Researched HuggingFace models for PII classifying (Named Entity Recognition) and selected ab-ai/pii_model.
Implemented a prototype redaction service in Google Colab to redact PII from text strings.
Refactored the Colab implementation into a local FastAPI microservice within the VSCode project.
Integrated the microservice into the Java application, allowing the ClinicalNote creation operation to call the redaction service automatically.
This week was really fun because I got to apply NLP concepts in a deployed modality rather than just running Python code in Colab. Writing actual NLP-powered services in a development environment presented new challenges, such as configuring the environment to use my HuggingFace token and ensuring the lack of a GPU wouldn’t throttle performance. The source of most confusion has been on the DevOps side—managing three separate .yml files (local, Docker/Postgres, and AWS) with different URLs and properties has required significant troubleshooting.
Goals for Week 11: I will finalize the microservice and move towards full integration. I plan to use Pytest for the phi_redactor, write JUnit and Mockito tests for the Java service, and repackage the project using Maven to run a full multi-container test. Finally, I aim to redeploy the project with the added NLP service to Elastic Beanstalk.

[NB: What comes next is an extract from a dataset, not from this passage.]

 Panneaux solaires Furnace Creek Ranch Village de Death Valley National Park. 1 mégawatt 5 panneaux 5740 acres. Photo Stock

Finalized the NLP microservice and implemented testing protocols at each application level.
Wrote Pytest scripts to simulate HTTP requests and test the microservice in isolation.
Verified that the Java service correctly receives and deserializes JSON from the Python service.

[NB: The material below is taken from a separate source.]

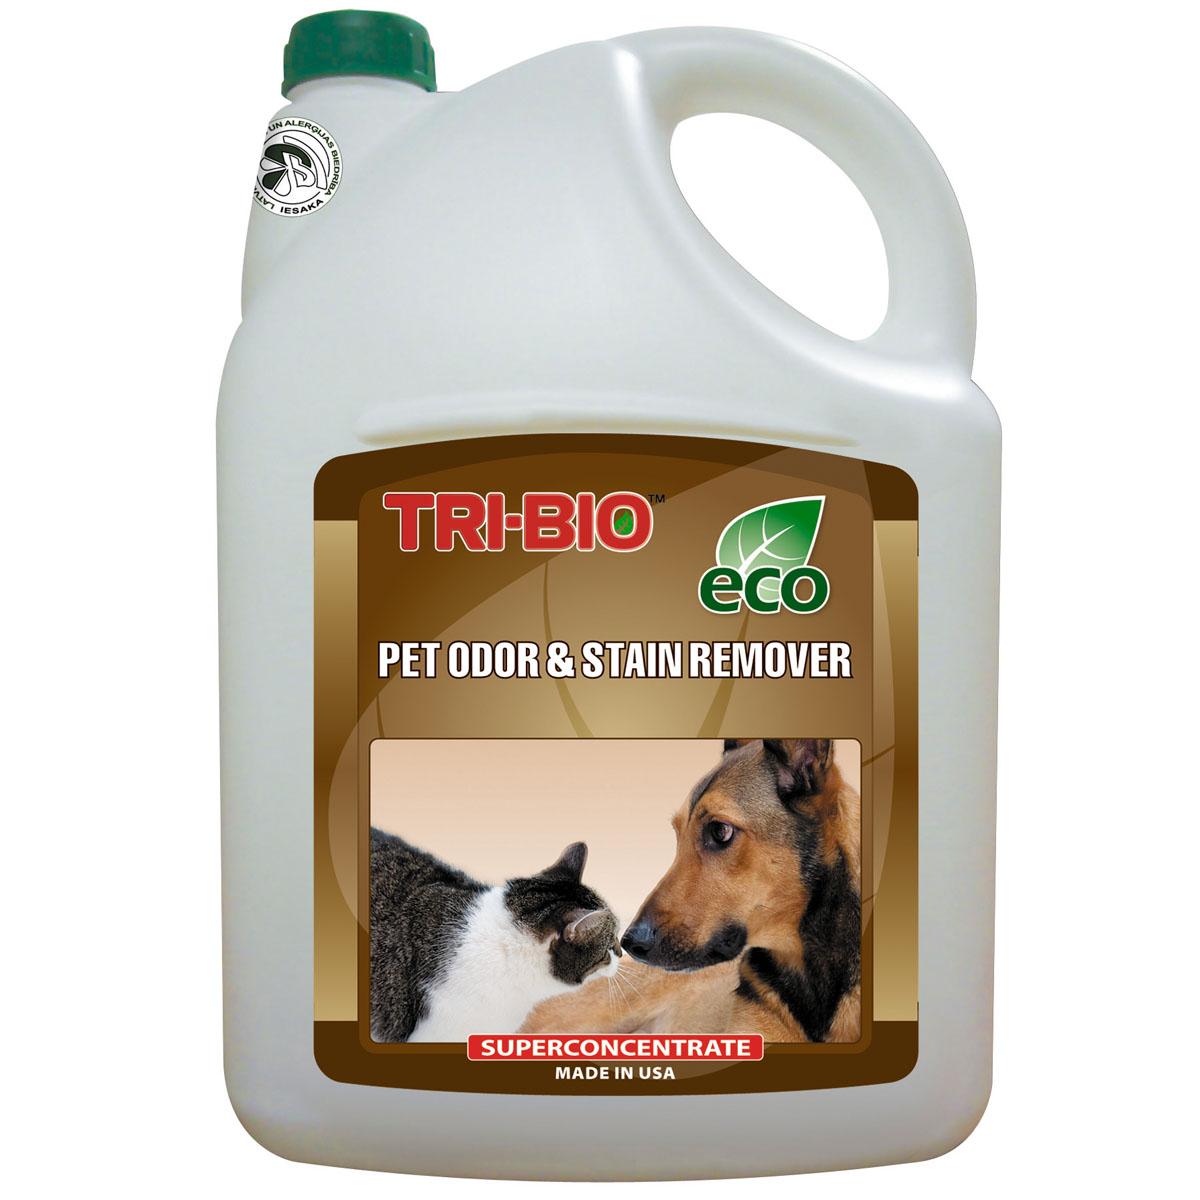 Биосредство  Tri-Bio  для удаления запахов и пятен от домашних животных, 4,4 л - Бытовая химия

Conducted end-to-end testing using Postman to ensure the platform performs as expected when deployed on AWS.
I noticed that as the complexity of the application grows, it takes significantly longer to thoroughly test everything. I now have to test the microservice in isolation, then the Java integration, and finally the full AWS deployment via Postman. Balancing this work with three job interviews in two days made productivity difficult, but I managed to finish the core NLP service integration.
Goals for Week 12: I decided to add a CI/CD pipeline using Github Actions to demonstrate DevOps skills to potential employers. I will also construct a Postman collection to visualize the project flow (replacing a full frontend) and focus on improving documentation, error handling, and input validation to surface root causes of errors more clearly.

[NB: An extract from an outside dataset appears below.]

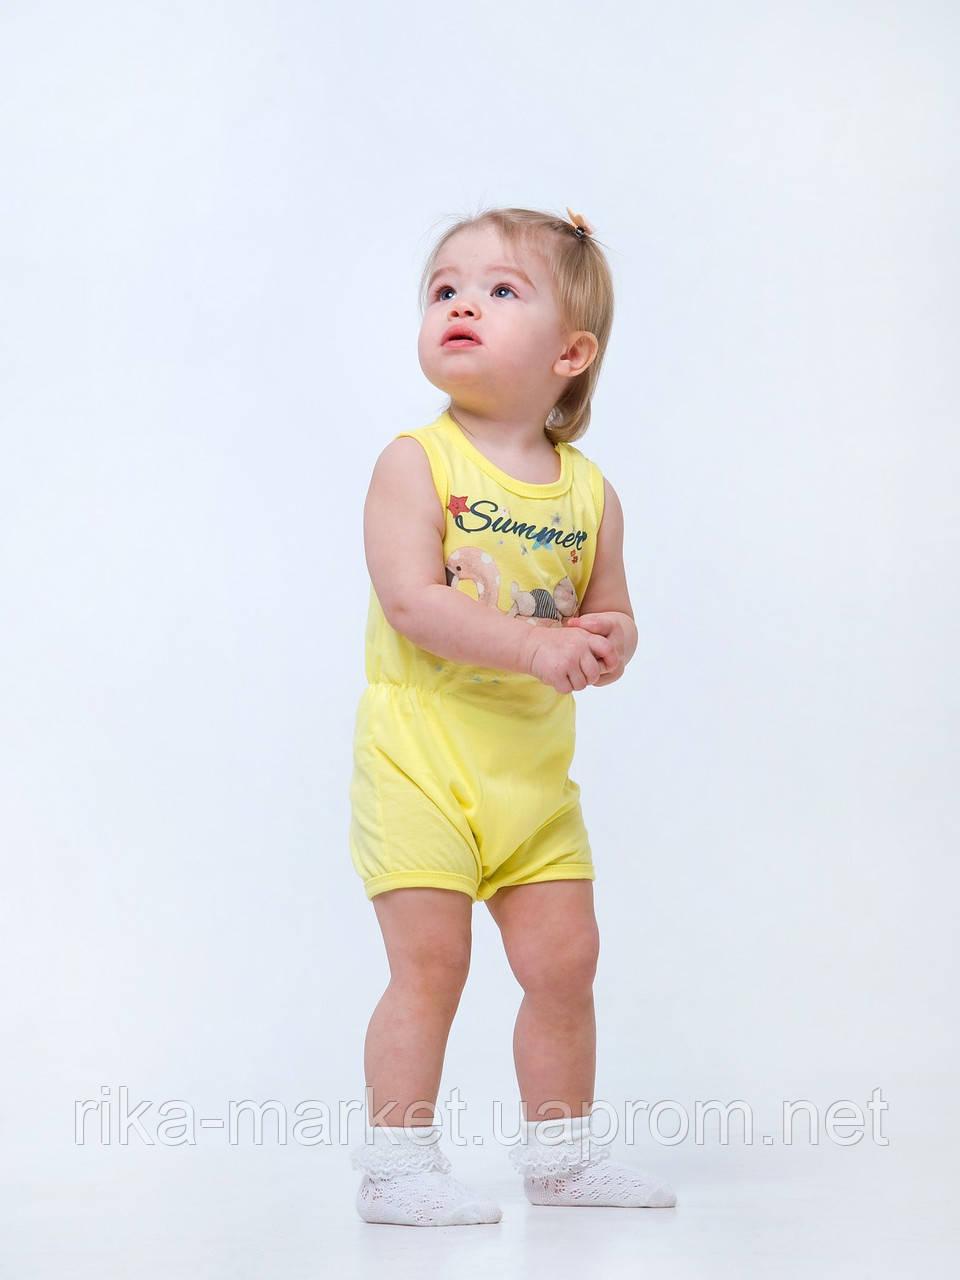 Песочник для девочки, Смил, от 6 до 18 месяцев, 111260

Set up an automation testing framework using Github Actions to run Python tests on every push.
Configured environment secrets to securely pass the HuggingFace token to the CI/CD pipeline.
Created a comprehensive Postman collection to demonstrate the full app workflow (Login -> Create Patient/Samples/Notes -> Redaction -> Deletion).
Verified regression testing: ensured that new features didn’t break the existing NLP classifier.
This class has been great. Every time I start a project it usually fizzles out, but seeing everyone else’s progress inspired me to deliver something I can be proud of. Completing this project has shown me how far I’ve come, allowing me to apply multiple technologies like Spring, AWS, Github Actions, and FastAPI—many of which I wasn’t familiar with before. The most valuable thing I learned in CSPB is the ability to learn and apply new technologies as they evolve.
Goals for Final Submission: I need to finalize error handling to keep users on the “happy path,” create a thorough README with instructions for all deployment types (local, Docker, AWS), create a metrics table for the NLP classifier (latency, precision, recall, F-1), and record the final demo video.